魚井 紹介ありがとうございます。また、POCの進め方として、倉庫や工場の計画系業務を1カ所からスモールスタートで進めることが重要です。まず特定の倉庫で実地検証してから全社展開をした方がリスクがなく進められるためです。プロトタイプ開発を高速に行って実地検証を行うことが重要に思います。フルスクラッチで基幹システムと連携するとなれば、現場で使われるのは遠い先になります。
また、予測や最適化といった高度なテクノロジーは「ユーザー体験」がとても重要と考えていまして、レポート提出では、テクノロジーの凄さ、活用のイメージが湧きません。POCを「レポート提出」と定義せず、プロトタイプ開発によって「体験を提出」することが実務においては極めて重要と考えています。
八坂 小さく始めてすぐ成果を得る、MVP(Minimum Viable Product)で進めていく形ですね。
ところで暗黙知化されているものを形式知に落としこむのはかなりのパワーが必要な作業ですが、具体的にはどのようなことをするのですか。
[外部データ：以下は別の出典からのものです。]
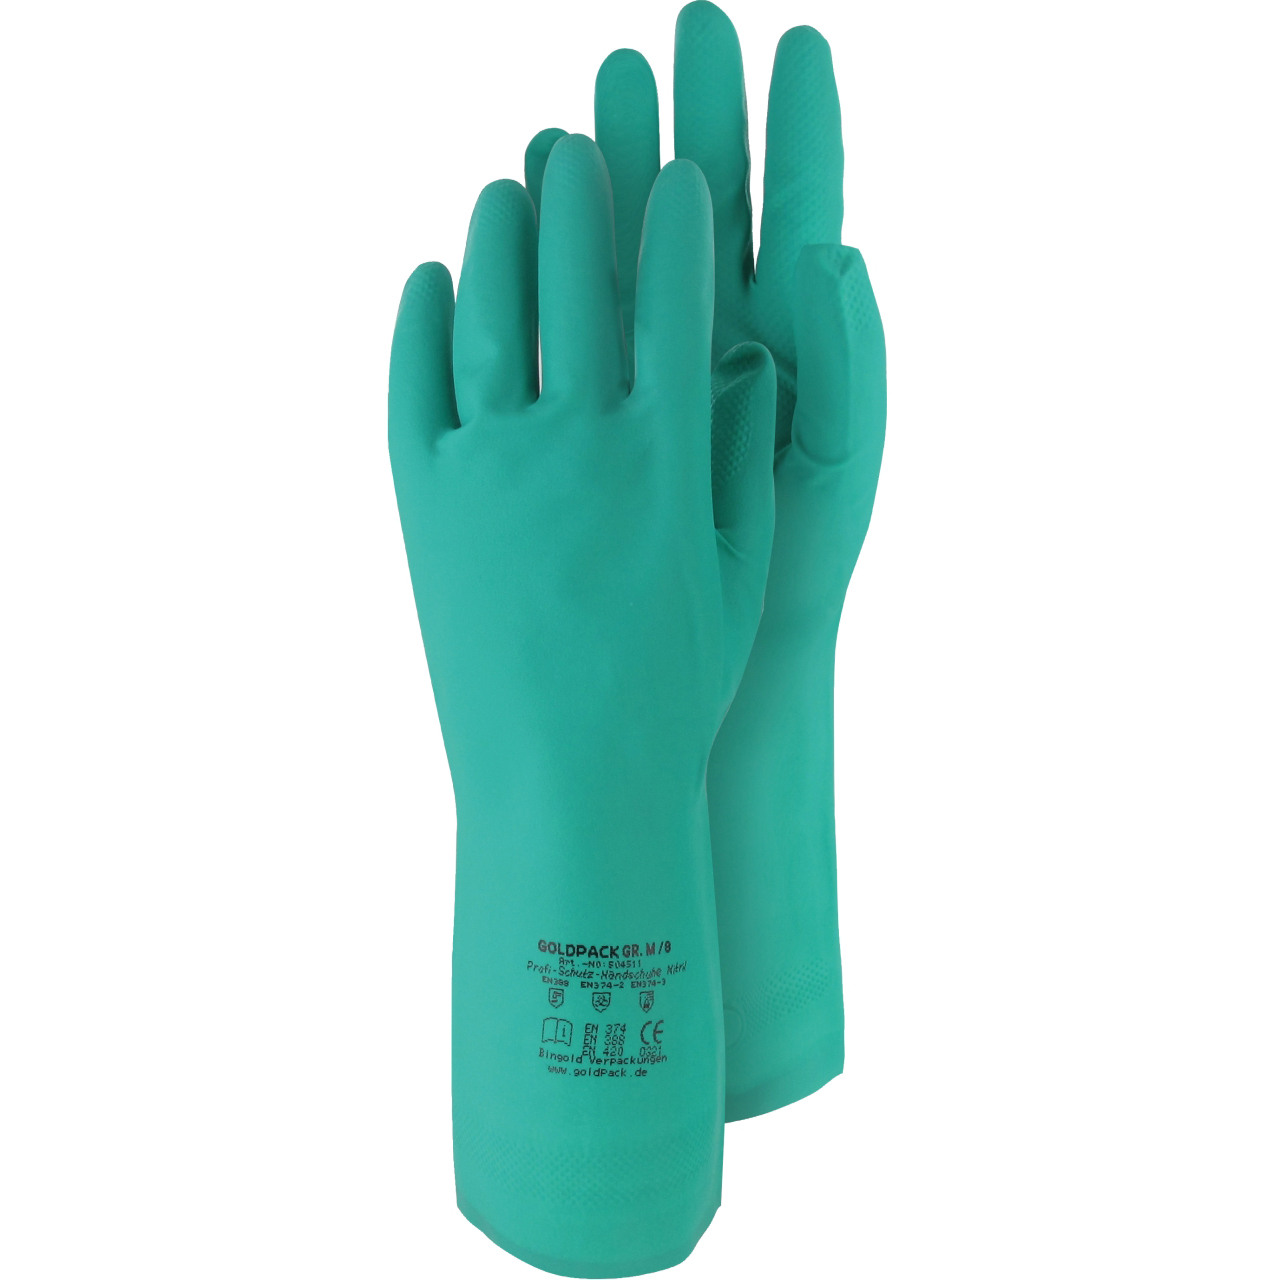 Triuso Chemik-Handschuh, Gr. XL
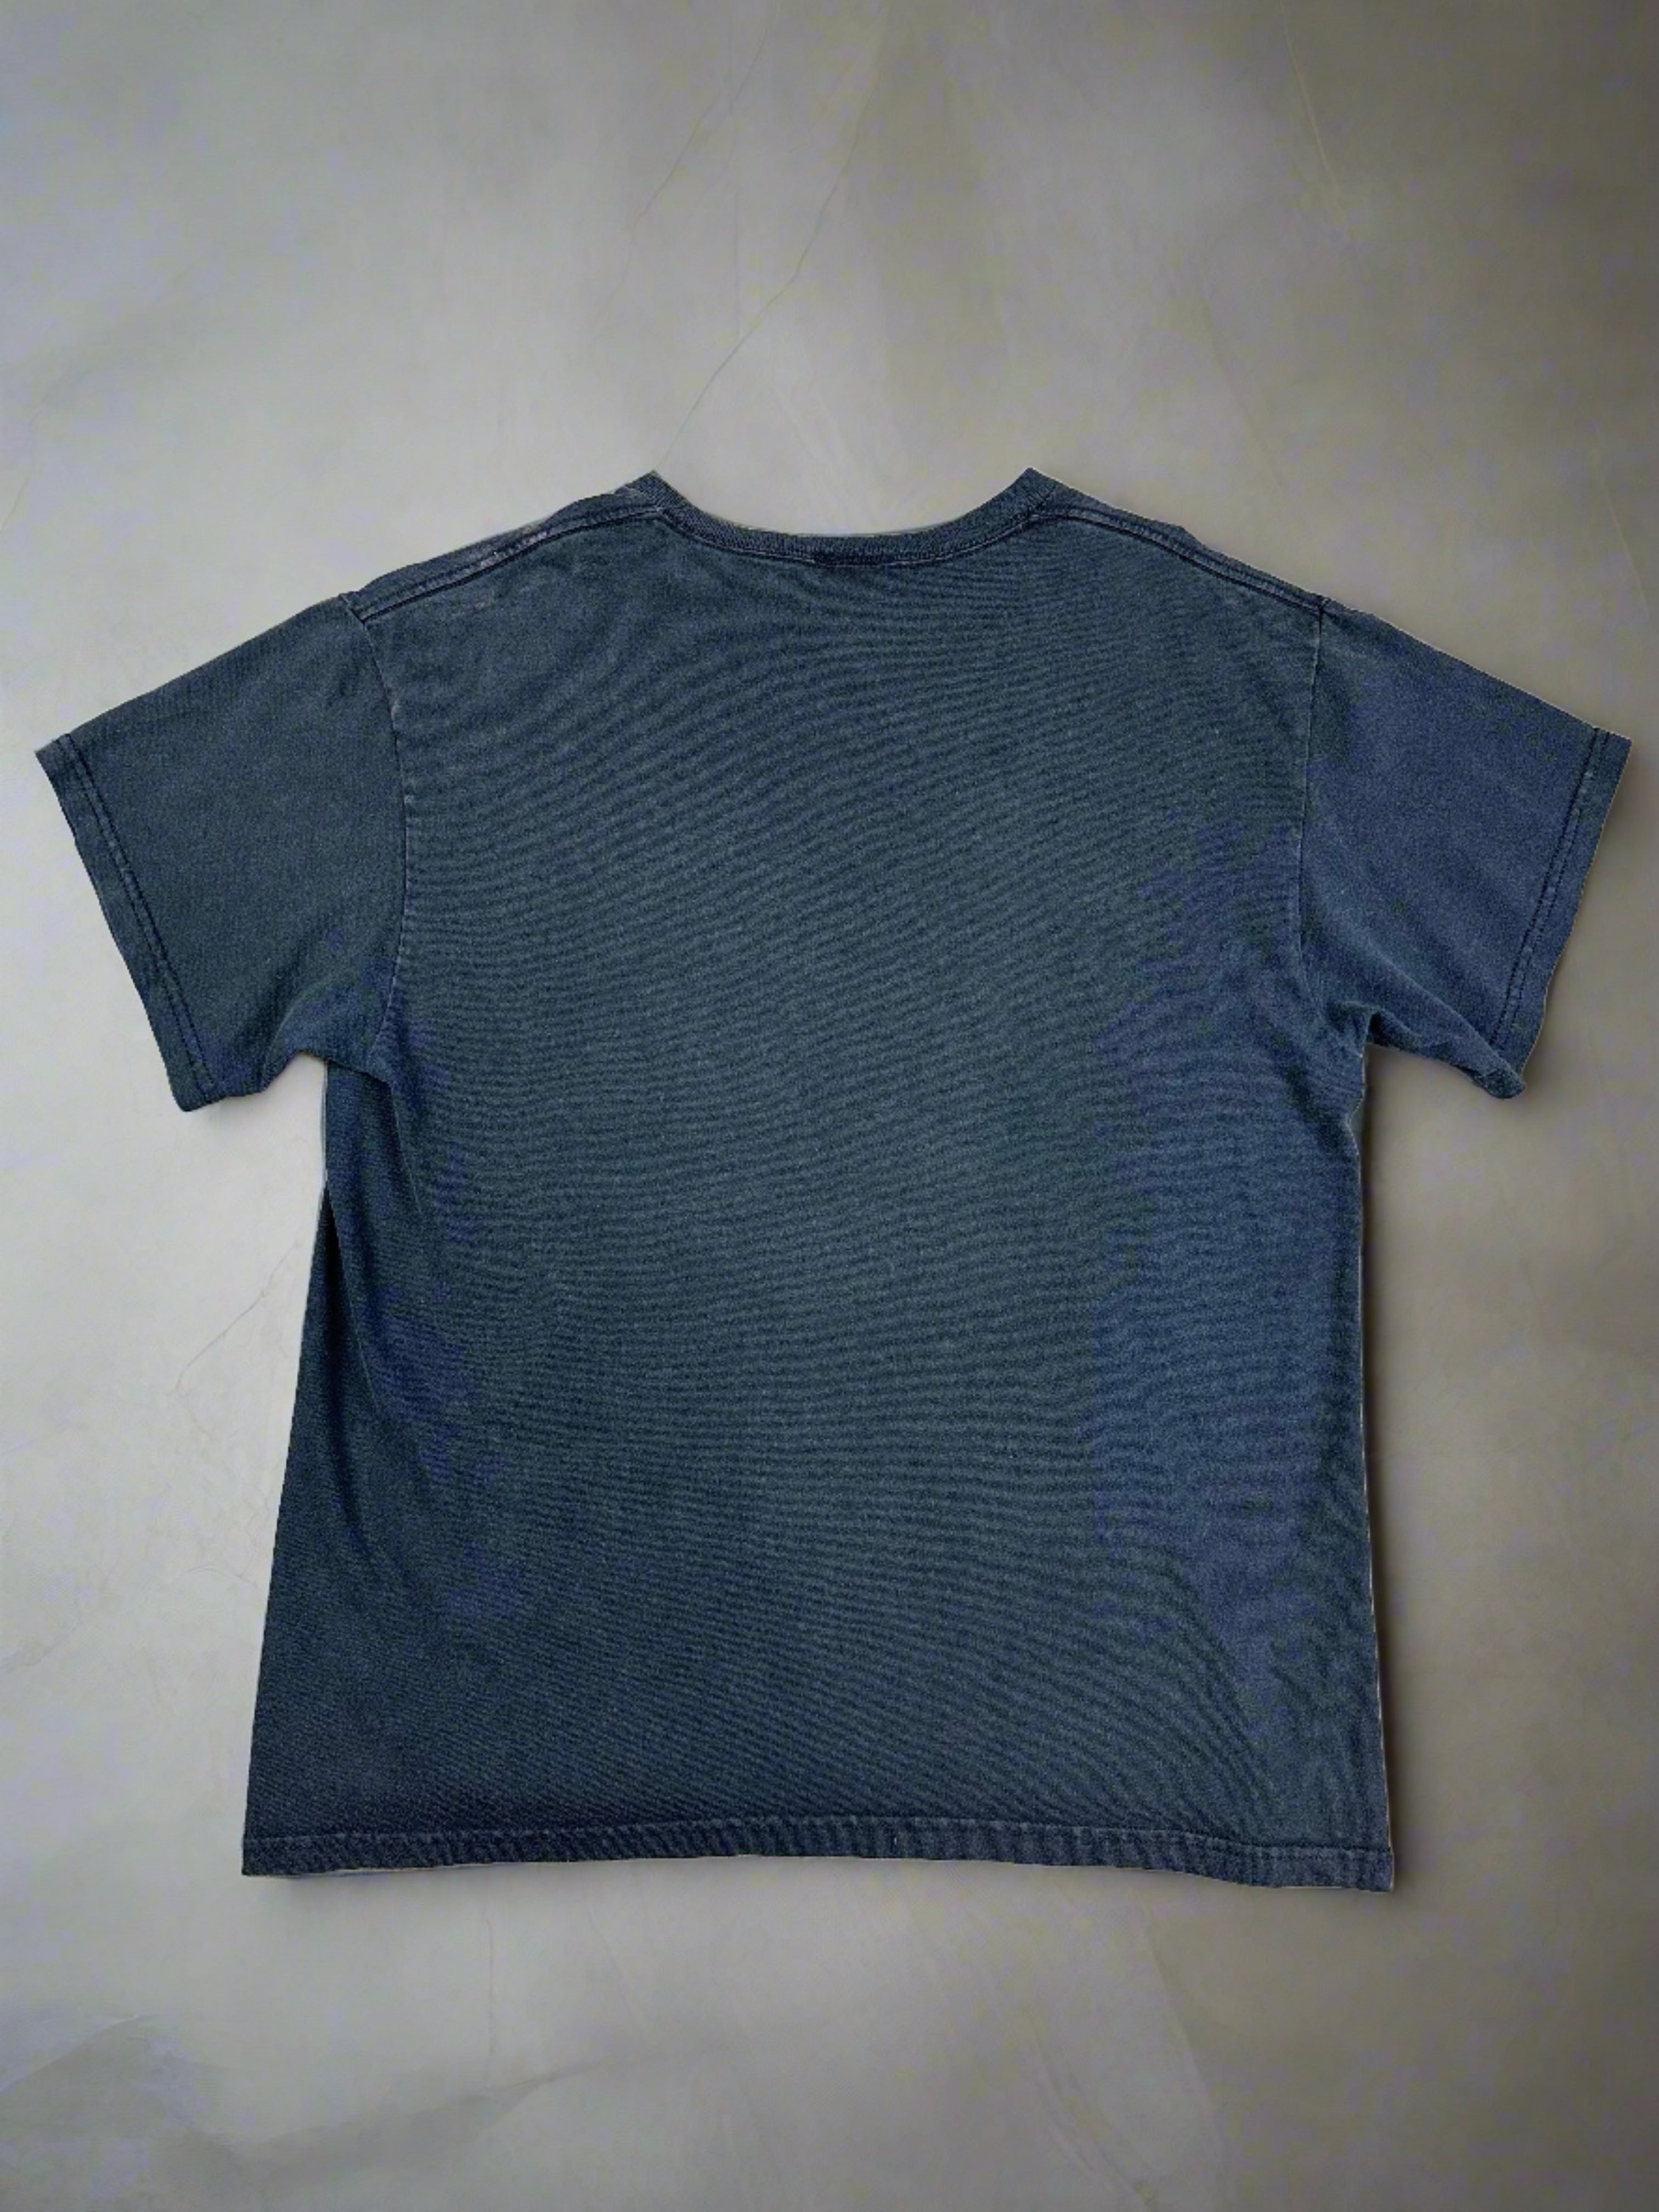 Vintage AC DC 2009 T-shirt - size M

魚井 ヒアリングは大事ですが、1回のヒアリングですべての暗黙知を引き出すのは不可能です。取りあえず50%ぐらいを引き出してから、フィードバックによって改善していくことを速い速度で繰り返すことが大事です。
早川 魚井さんが言った通り、イテレーションをどれだけ速く回せるかが勝負だと思います。データサイエンティストが分析して報告書を出すという形ではどうしてもサイクルが遅くなってしまします。結果を動的にすぐに見せられる環境が必要です。
それがFASTというわけで、お客様とのコミュニケーションが円滑にして、イテレーションを速く回すためのツールと言うこともできます。
八坂 お客様としてもわかりやすいですものね。画面があって、操作すればすぐに結果が見られると。
早川 報告書に基づいて報告をすれば、「この値がこう変わると結果はどう変わるの?」といった質問をお客様は絶対にしてきます。今までは持ち帰って、再度分析を回して、翌週またパワポで説明するといったことをやってきました。ところがFASTならダッシュボードの感覚で操作すれば、その場で答えが出せるのです。リードタイムが大きく違います。
八坂 これも可視化の話に通じますよね。先ほどの可視化の話でも、FASTの話でも、目に見えるものによって顧客側の理解を逐一得ながら進めていくことが重要です。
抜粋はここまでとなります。